In an open letter to Peachey, the nurses said they in fact gave him a clear message that job cuts and ER closures were not helping the health-care system. But the results of Peachey’s assessment, as presented by the government in the legislative assembly, were nothing short of glowing — some minor tweaks needed, but overall the plan is going well.
And then on June 10, a week after the conclusion to the legislative session, the full assessment by Peachey was released. It details inadequate staffing, highly stressed staff, lack of planning and risk assessment, care for acute care patients at risk, quality of care at risk, inconsistent inter-facility communication, inadequate funding to St. Boniface Hospital and no patient-flow strategy, among others.
The assessment concluded that “confidence has been lost” in the Phase 2, yet Peachey maintained that the plan is right, but the timelines are off.
Health Minister Cameron Friesen said, “We published the report because we don’t have anything to hide. It is clear from this report that not everything went according to plan. I can tell you today it’s not the same system as the one that David Peachey first scrutinized again five weeks ago.”

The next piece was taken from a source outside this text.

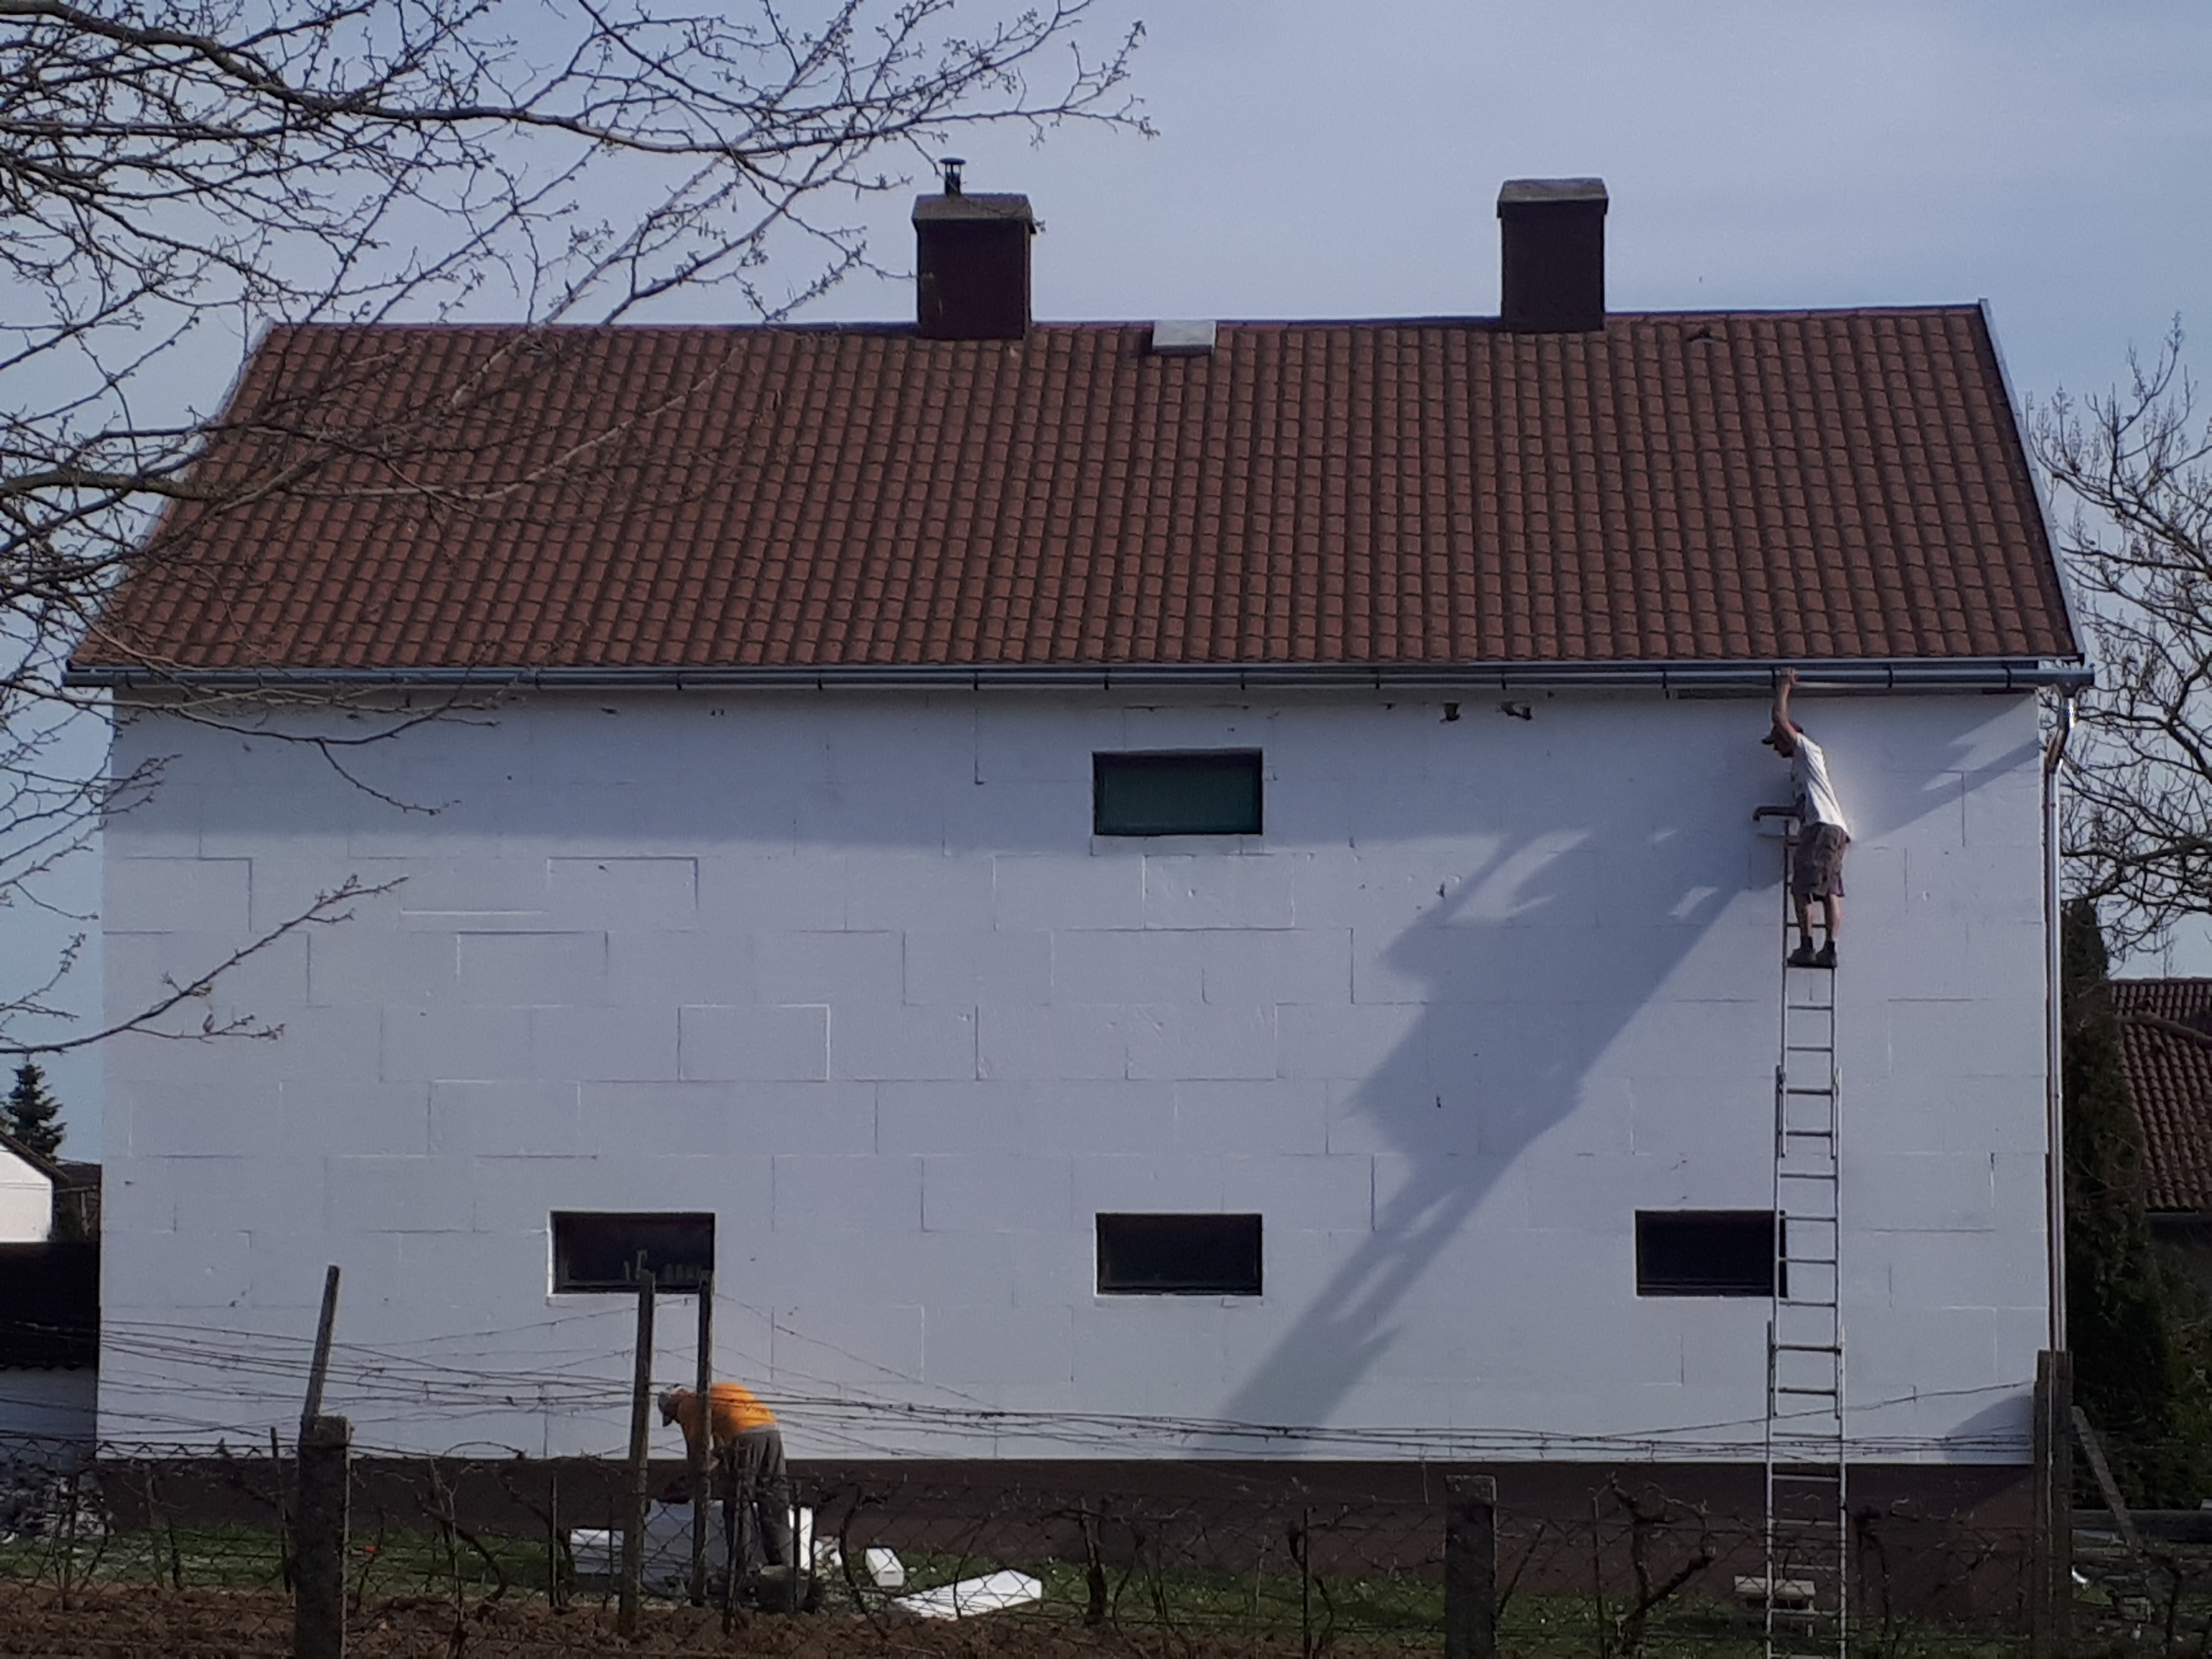 Palatető felújítás Vácduka, palatető szigetelés VácdukaCsaládi ház palatető felújítása

Let’s be honest: five weeks does not resolve the critical issues flagged by Peachey and front-line workers. The health minister’s quote is a further example of the gaslighting that is taking place. If, in fact, they had nothing to hide, why did they not release the full report all at once?
To further inflame the confusion, just two days later, reports emerged of staffing cuts and shift changes reflecting the reality on the front line and the sudden departure of the chief medical officer of the Winnipeg Regional Health Authority. On June 12, an internal memo was sent to St. Boniface staff advising that patients would be temporarily redirected from the ER.

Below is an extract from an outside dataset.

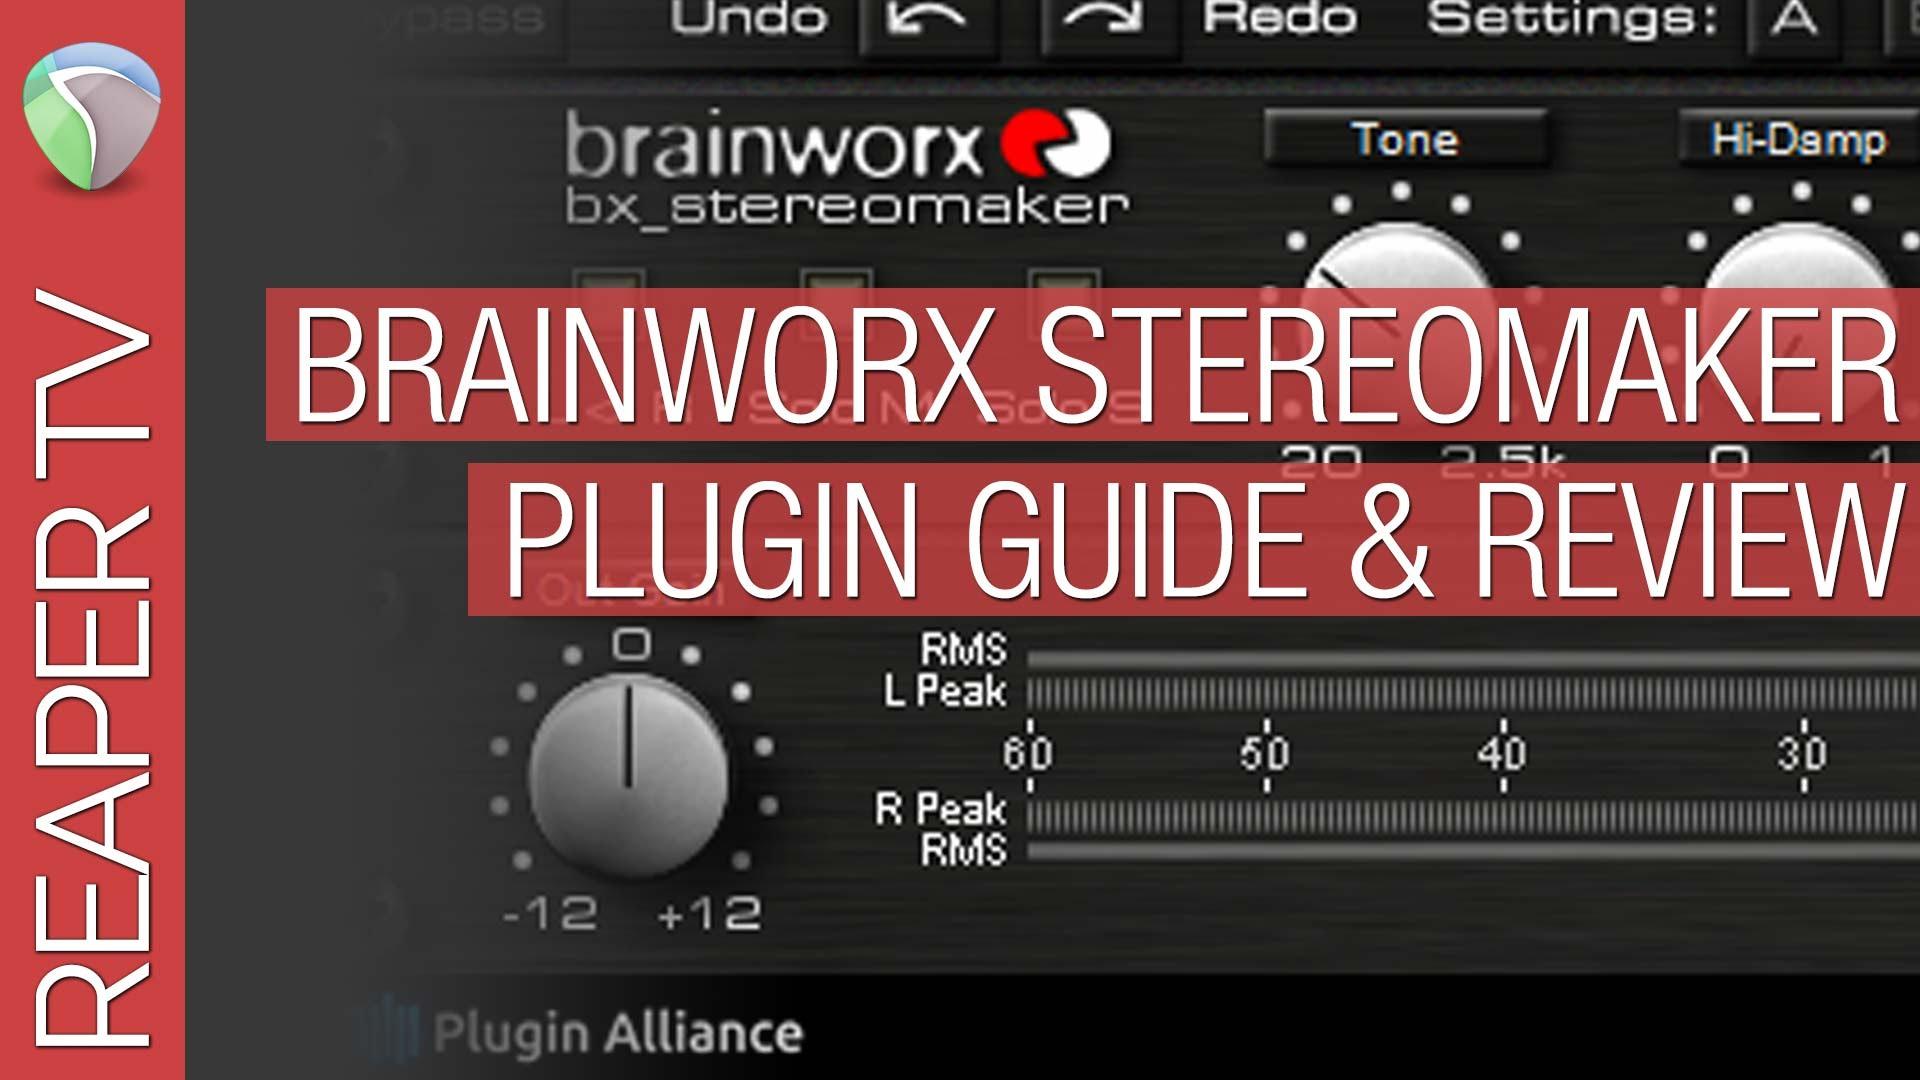 Reaper & Brainkworx bx_Stereomaker Guide

The need to redirect patients comes just one week after the closure of the Concordia ER. When the memo was leaked, WRHA CEO Real Cloutier and St. Boniface CEO Martine Bouchard downplayed the severity of the situation so much that it led emergency room physician Paul Doucet to speak out.

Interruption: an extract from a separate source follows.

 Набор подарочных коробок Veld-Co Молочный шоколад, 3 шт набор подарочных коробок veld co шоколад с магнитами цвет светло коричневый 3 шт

In his interview with the Winnipeg Free Press, he said, “We were at a critical state in the emergency department… (Bouchard) characterized the memo as alarmist… but I’ve worked 32 years in emergency departments in Winnipeg, and I was alarmed.” The fact is that capacity is being taken out of the system with the closure of Concordia ER and the impending closure of Seven Oaks ER. We should all be alarmed. Our health-care system is hemorrhaging and our government is hiding behind a self-imposed communications blackout.
A government concerned with transparency would not withhold information to be released later, nor would it mischaracterize what is happening in our health-care system. It is the duty of our elected officials to ensure information is accurate, and not treat what is happening as “alternative facts.” Manitobans have a right to accurate information from their elected officials.
My message to the government is this: you left the gaslight on.
Brianne Goertzen is the provincial director of the Manitoba Health Coalition and a Canadian Centre for Policy Alternatives — Manitoba steering committee member. She serves as a school trustee for Ward 3, River East Transcona School Division.